• What is expected: Every line below from the one with "Trip Ideas clothing" through the one with "REAR VIEW OF" is to be repeated exactly, with no picture among them.

• The records:
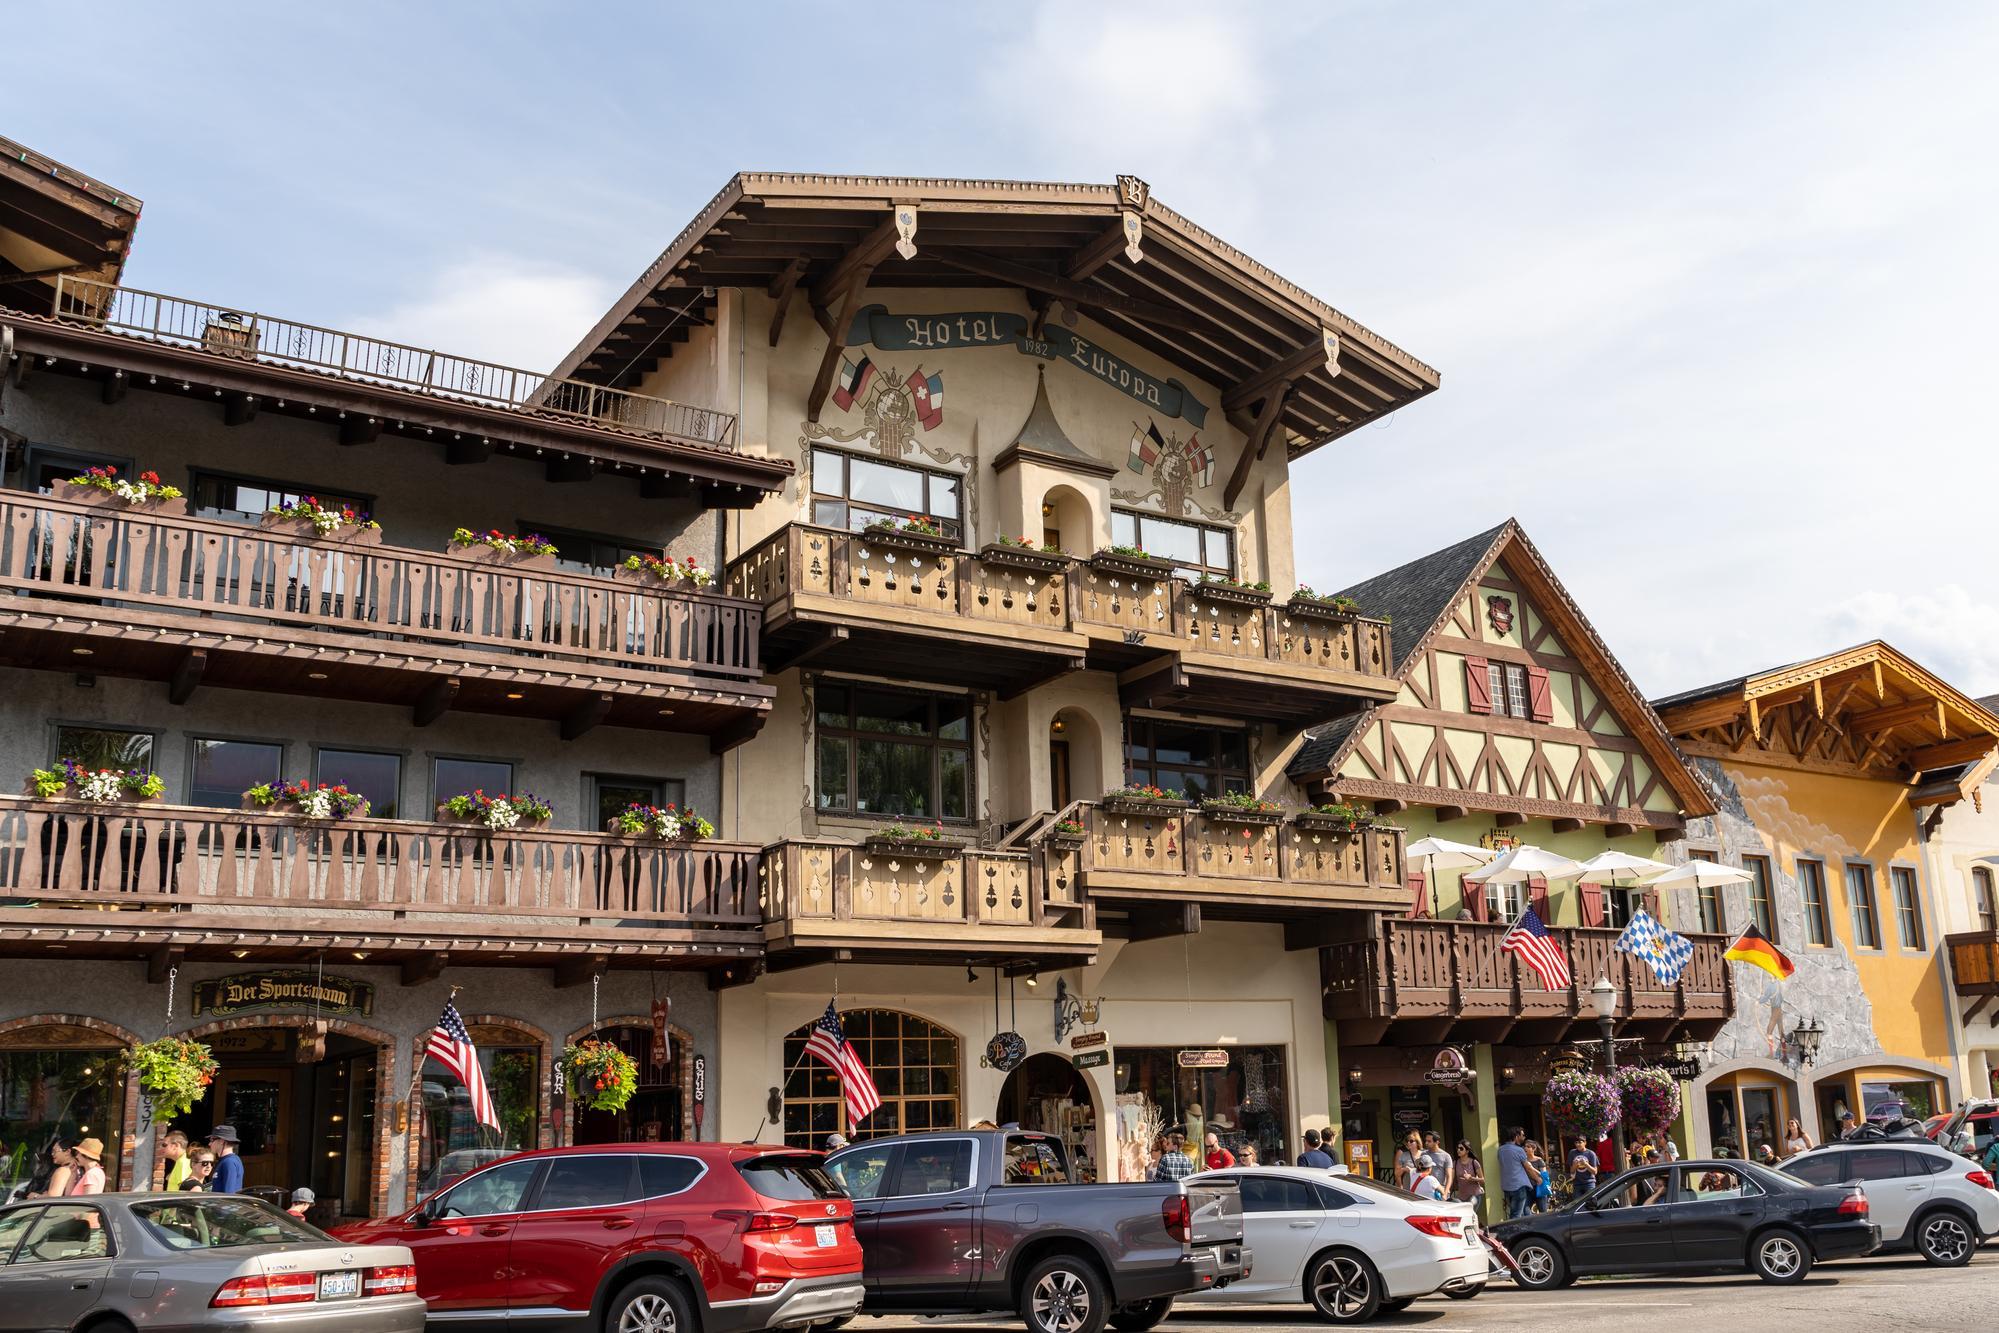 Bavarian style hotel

* * *

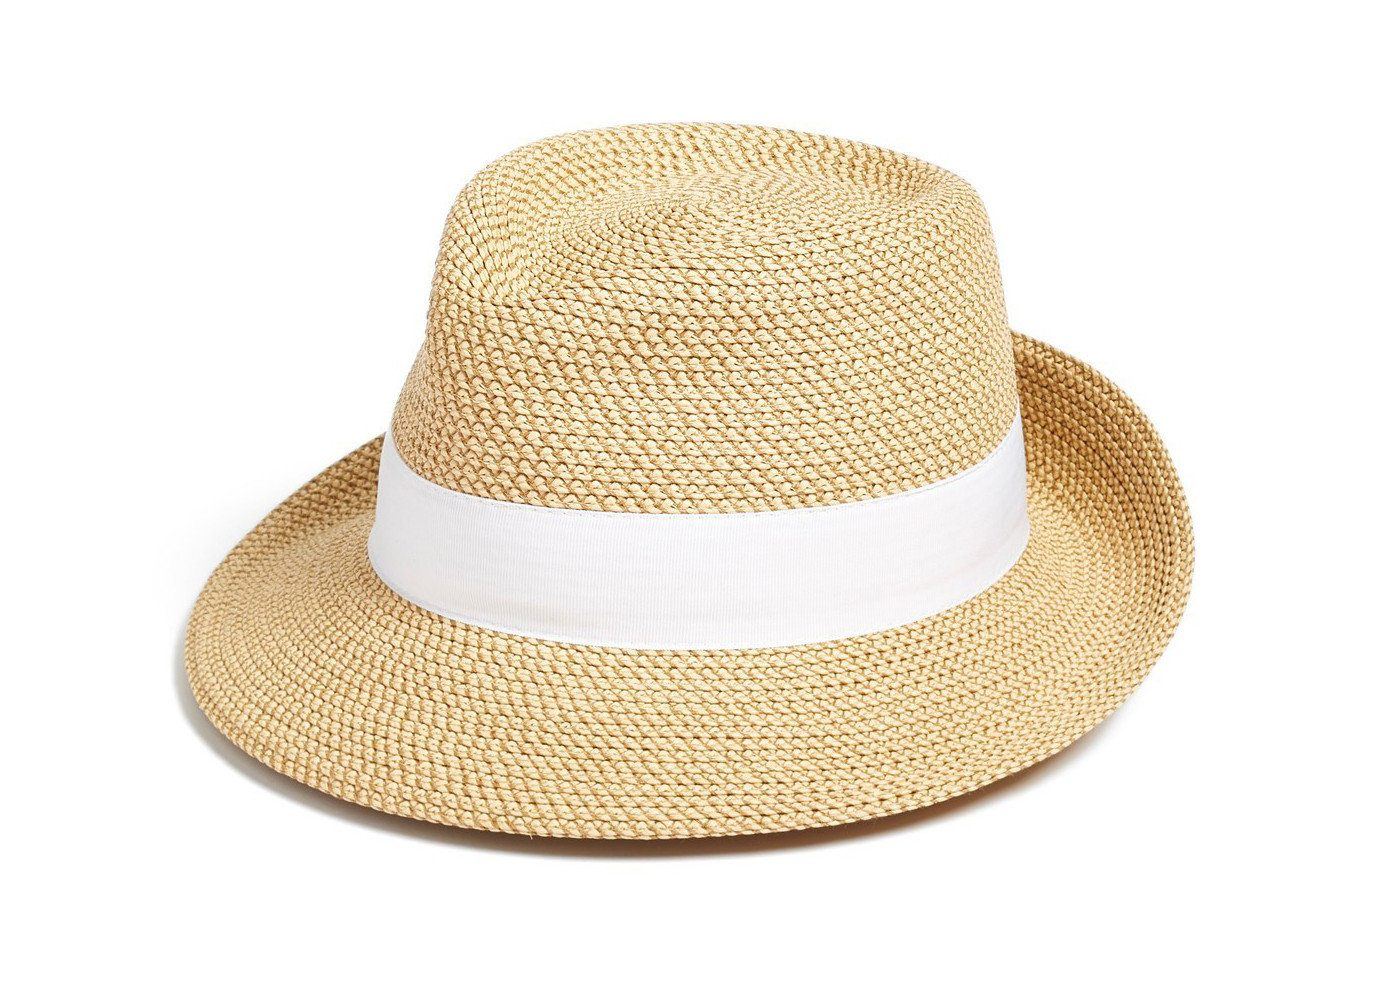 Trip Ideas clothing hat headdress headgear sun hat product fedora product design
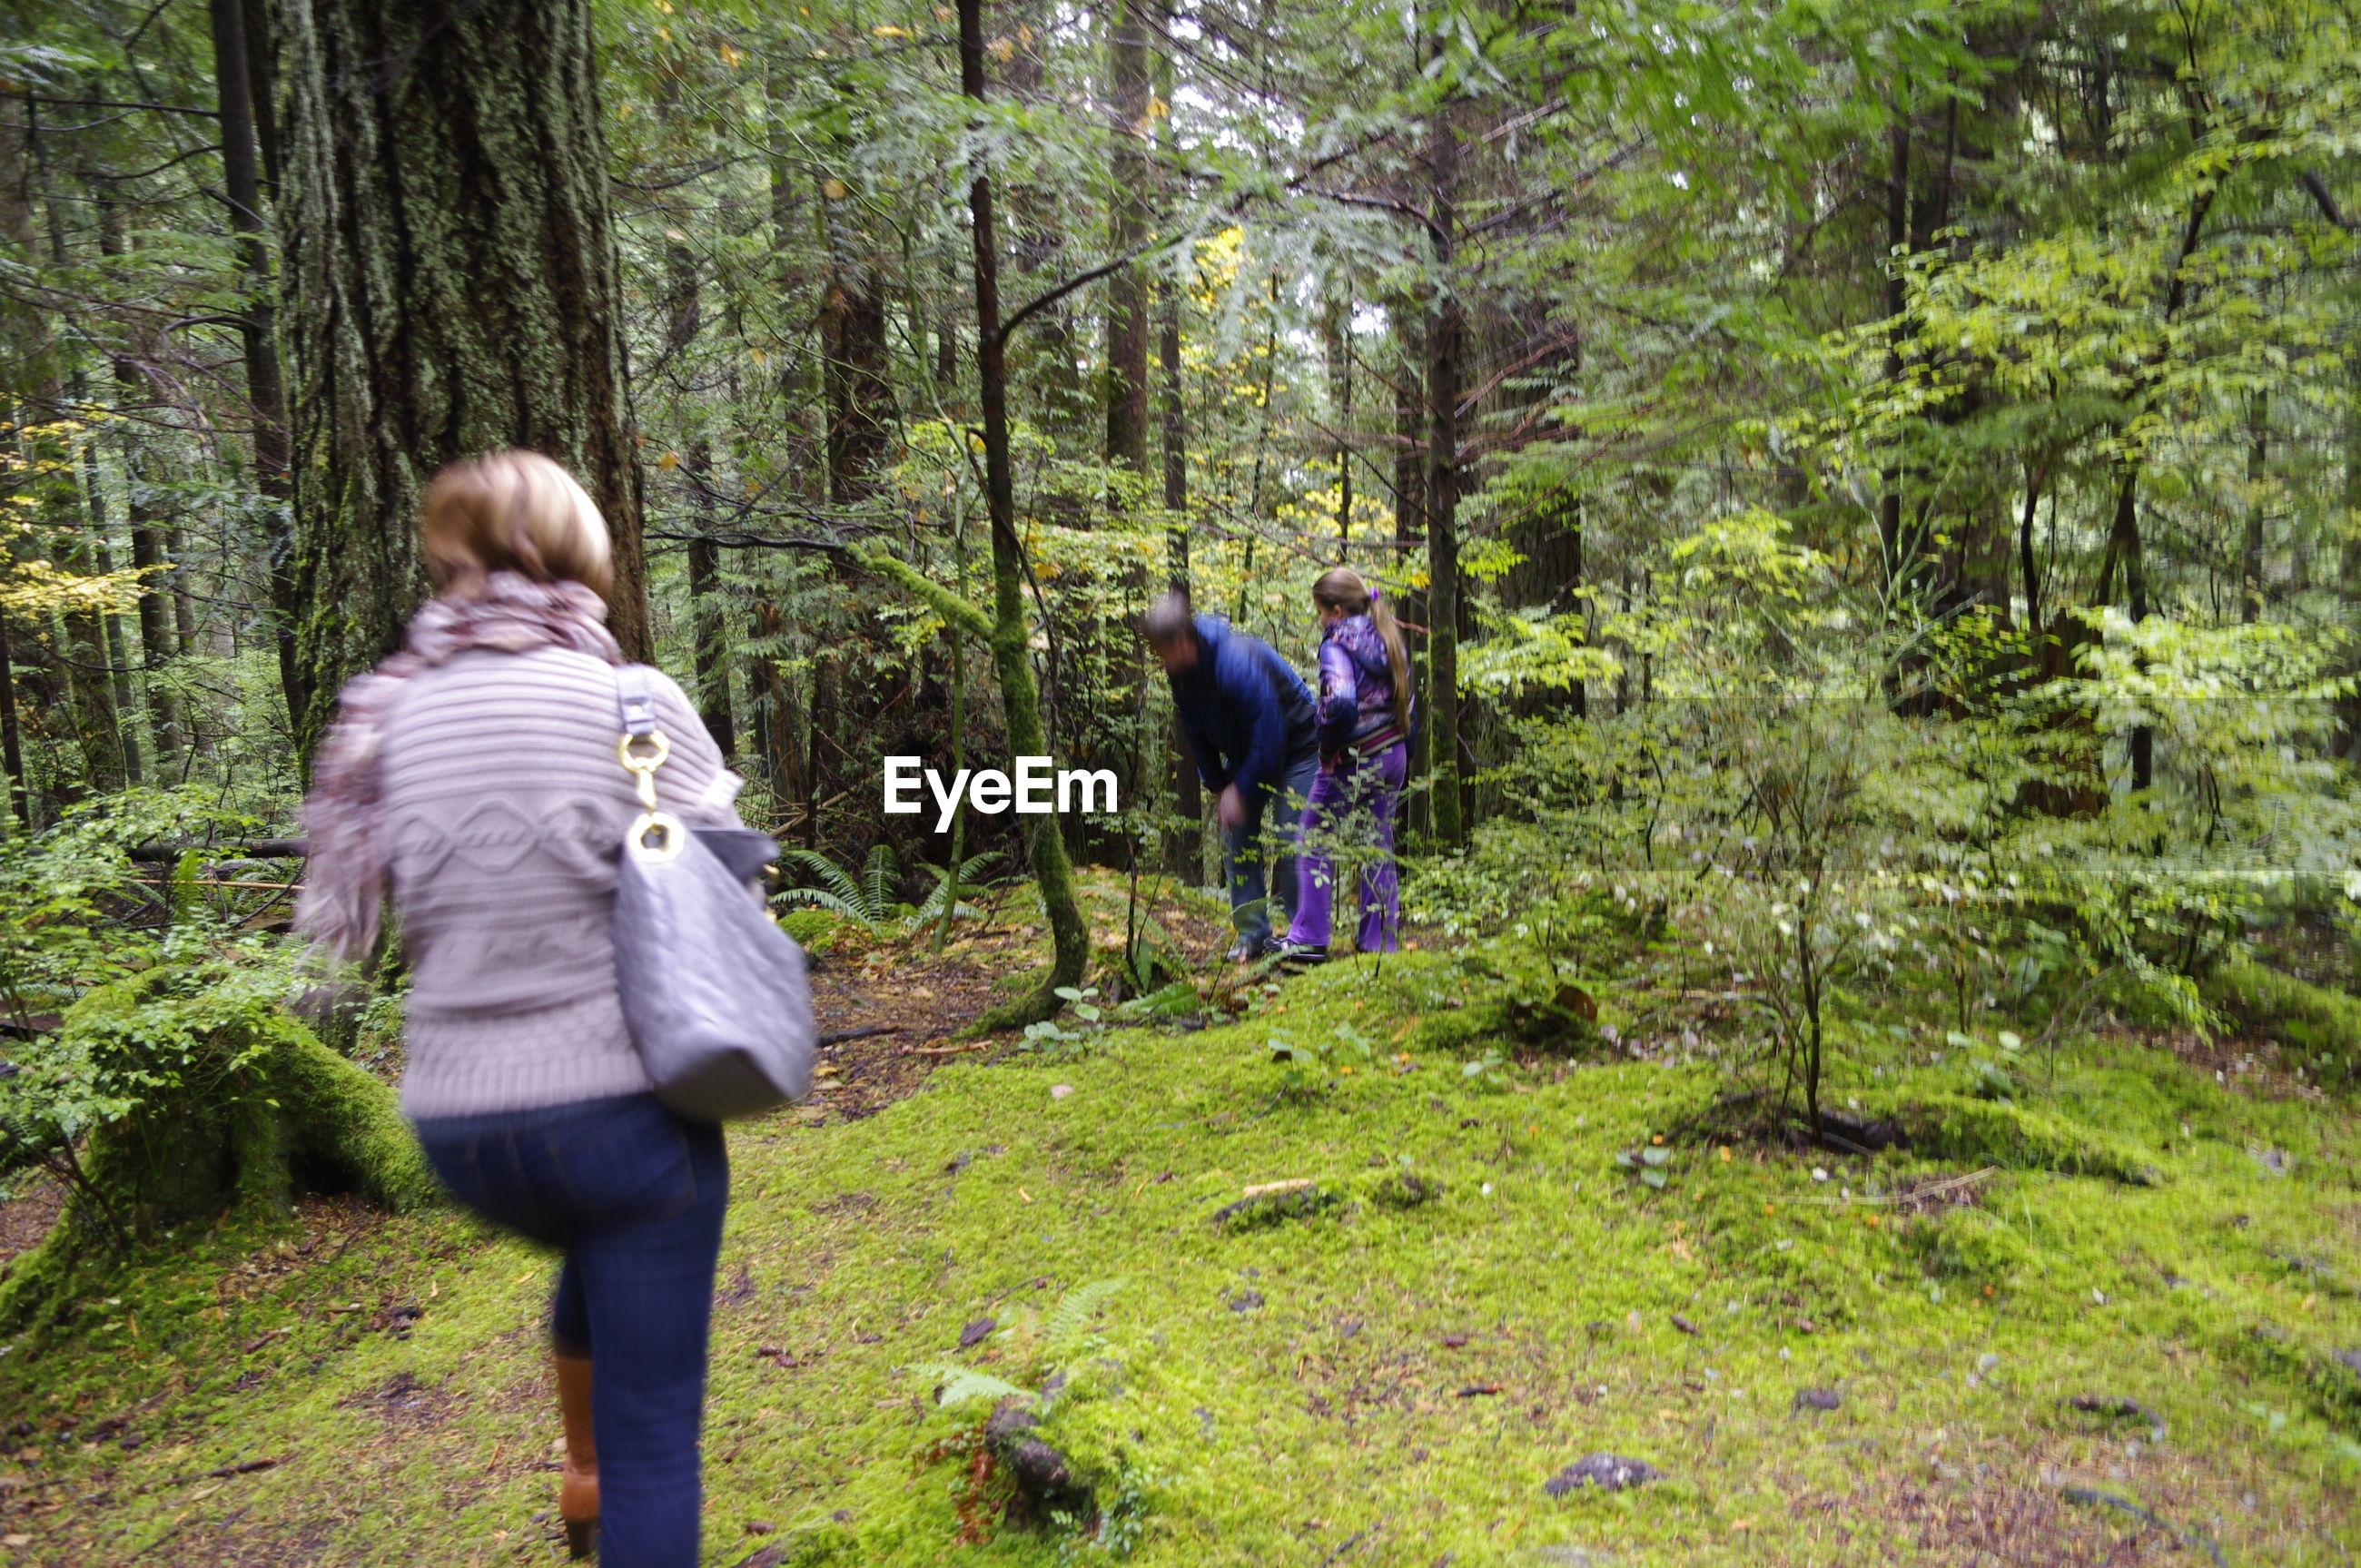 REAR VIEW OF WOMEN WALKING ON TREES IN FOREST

• Solution:
 Trip Ideas clothing hat headdress headgear sun hat product fedora product design
 REAR VIEW OF WOMEN WALKING ON TREES IN FOREST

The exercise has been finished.